Welcome to the blog of the Enough for Everyone program of the Presbyterian Church (U.S.A.). By "just living" we mean both justice-based living and just simply living – freeing ourselves from the clutter of stuff so we can focus on living faithfully and living well. Join us in the exploration!
About the Author
Bryce Wiebe coordinates Enough for Everyone, a ministry of the Presbyterian Hunger Program. He loves slow food and is fascinated by the way things are made. He is excited to dive into experiments in simplicity with you. His sacred cow of consumption: kitchen gadgets.
Songs of Justice
My music education started at home and started with hymns. I grew up in a Mennonite family, steeped in four-part hymn singing. Singing hymns in four parts is a theological act for Mennonites;[1] the blending of conforming practice (singing your part) with the complimentary practice of others (multiple parts being sung in harmony) being a full-on expression of the Body of Christ in its diverse whole with the activity of that whole being a prayer. My parents met in their college choir and served as church musicians during much of my life. Music was ever-present and elemental to life, and certainly the life of faith. There were times as a child that I might have believed a good hymn-sing was the lifeboat on which we crossed the current of death that separates our world from the next; the conduit and connector between the sullied creation and the gloried realm of the Creator. At funerals, the edge and intensity present in the tone and timbre pierced the otherwise somber occasion. The truth of the resurrection and the promise of life everlasting could not be taken for granted. It had to be sung. Sung without regard for the self-conscious process of performance; without the maintenance of beauty. It had to be sung for the soul’s sake. Had we stopped, we, or our departed loved one, might not reach the far shore. Reluctant singers were damned.

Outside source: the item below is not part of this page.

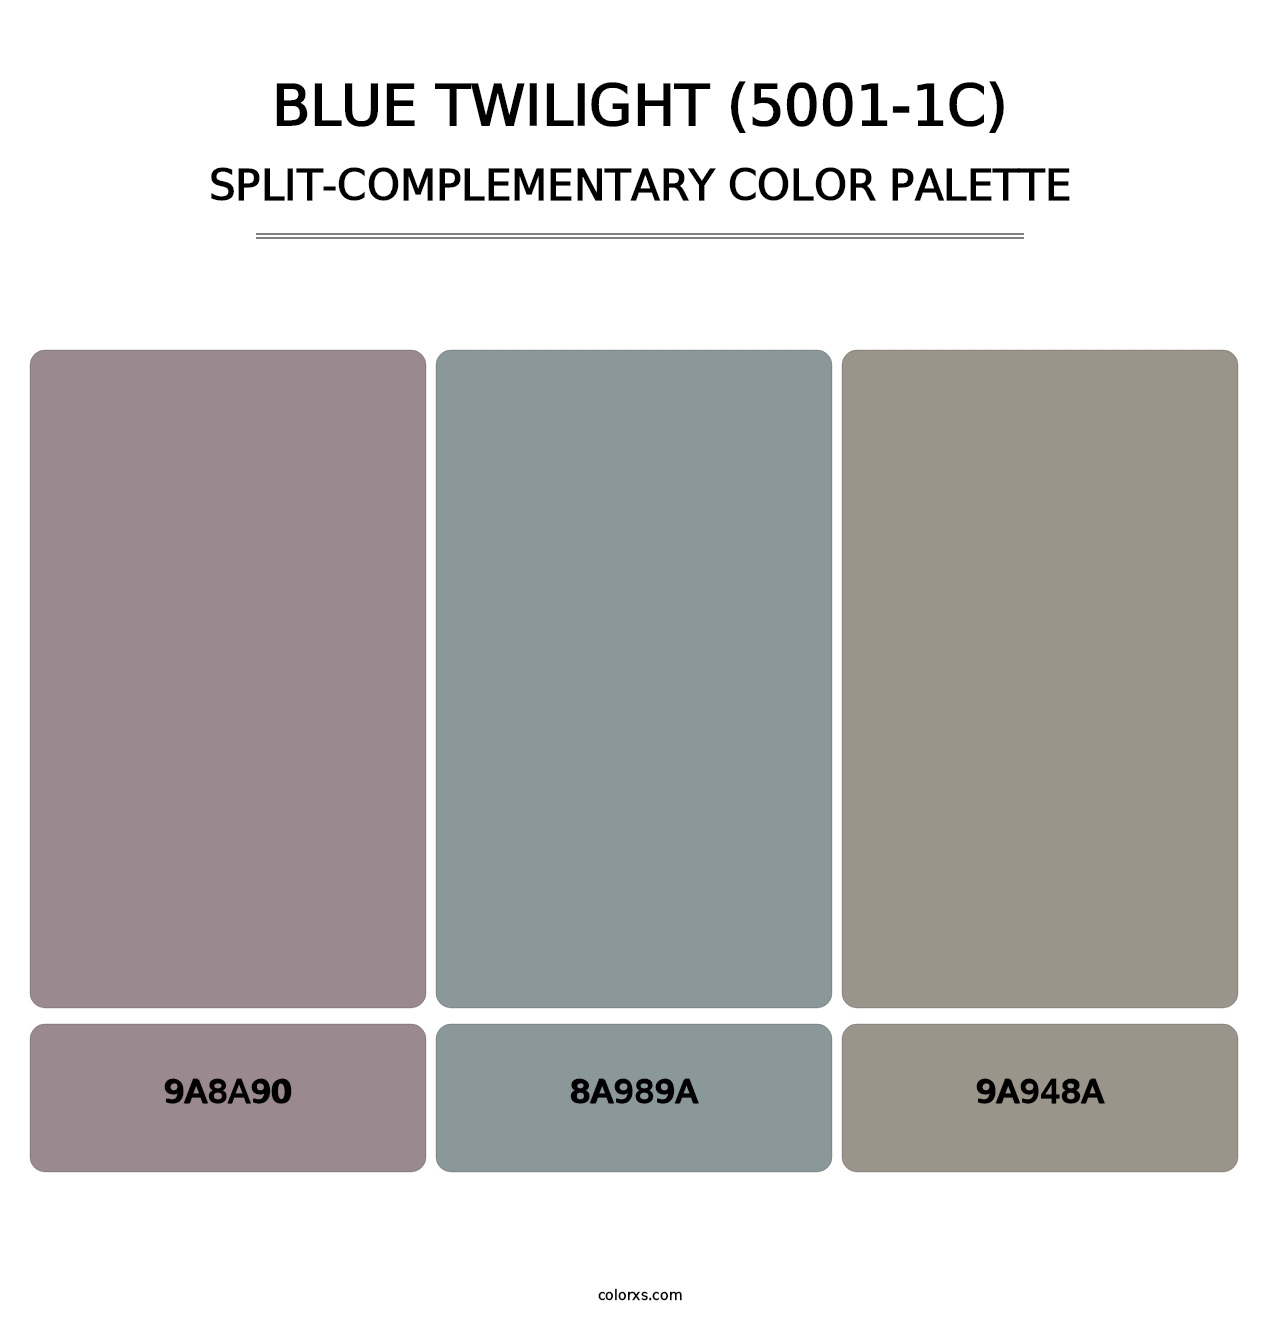 Blue Twilight (5001-1C) - Split-Complementary Color Palette

Having collected more music education[2] and a more sophisticated, and academic theology[3], the previous paragraph should strike me as more absurd than it does. While I can not hold that reluctant (or bad) singers are damned, it is in the act of communal singing that I feel my life, and the life of my community is drawn most closely to the God whom we seek and, and whom we seek to serve. As my theological interests have shifted away from thoughts of heavenly reward toward living out God’s call to justice in the gift of this present life, music has become even more a conduit and connector, and certainly more of a lifeboat. Movements of justice and peace have always been animated and sustained by music. Music helps us see the world as it is and as it is intended to be; what has become, and what is becoming. It comforts us when we need respite along the way.
“How Can I Keep from Singing?” (#821 in the new Glory to God Presbyterian Hymnal) is a current favorite of mine, and I think it grasps as the Truth I learned as a child and have reaffirmed as an adult.
VS 1:
My life flows on in endless song,
Above earth’s lamentation
I hear the clear, though far-off hymn,
That hails a new creation
VS 2:
Through all the tumult, and the strife,
I hear that music ringing,
It finds and echo I my soul,
How can I keep from singing?
To engage a world of injustice can be a frustrating enterprise. We might spend years in advocacy, growing a movement and making incremental changes only to see our efforts wiped away in a few minutes of legislative action. We can cultivate fragile environments of peace and hear them shatter with the report of gun fire, or renewed rhetoric of hate. There are more than a few reasons to believe efforts to reflect the light of Jesus into our world would be hopeless. And yet, when I sing this hymn, I am reminded that the song of our life together is one that lifts us. The song connects us to the New Heavens and the New Earth where righteousness is at home (2 Pet. 3:13), for which we wait in persistent and patient (sometimes impatient) action. We are equipped to continue on in a joy-filled hope, knowing that the Truth of our existence is not in the “lamentation”, the “tumult and the strife” we have known, but rather in the song that calls as forward, floating us through that current of injustice that would devour more reluctant “singers” than grace has formed us to be. We sing, not self-consciously, nor obsessing with how beautiful we sound, but because our identity is bound up in it. Our “singing” is our theological act.
No storm can shake my inmost calm
While to that Rock I’m clinging.
Since Christ is Lord of heaven and earth,
How can I keep from singing?
[1] Other traditions have long histories of part-singing and certainly congregations and individuals may value it in similar ways and do it superbly. I speak only from my context.
[2] A Bachelors degree in voice from Hastings College in Hastings, Nebraska
[3] The mish-mash of life and a Masters of Divinity from Yale have led me to claim the labels “Evangelical” “Reformed” and “Calvinist” , as my own, though, like most everyone I know, they are labels I choose with caveats and creativity. Our theologies are not reducible to even the shorthand we, ourselves, give them.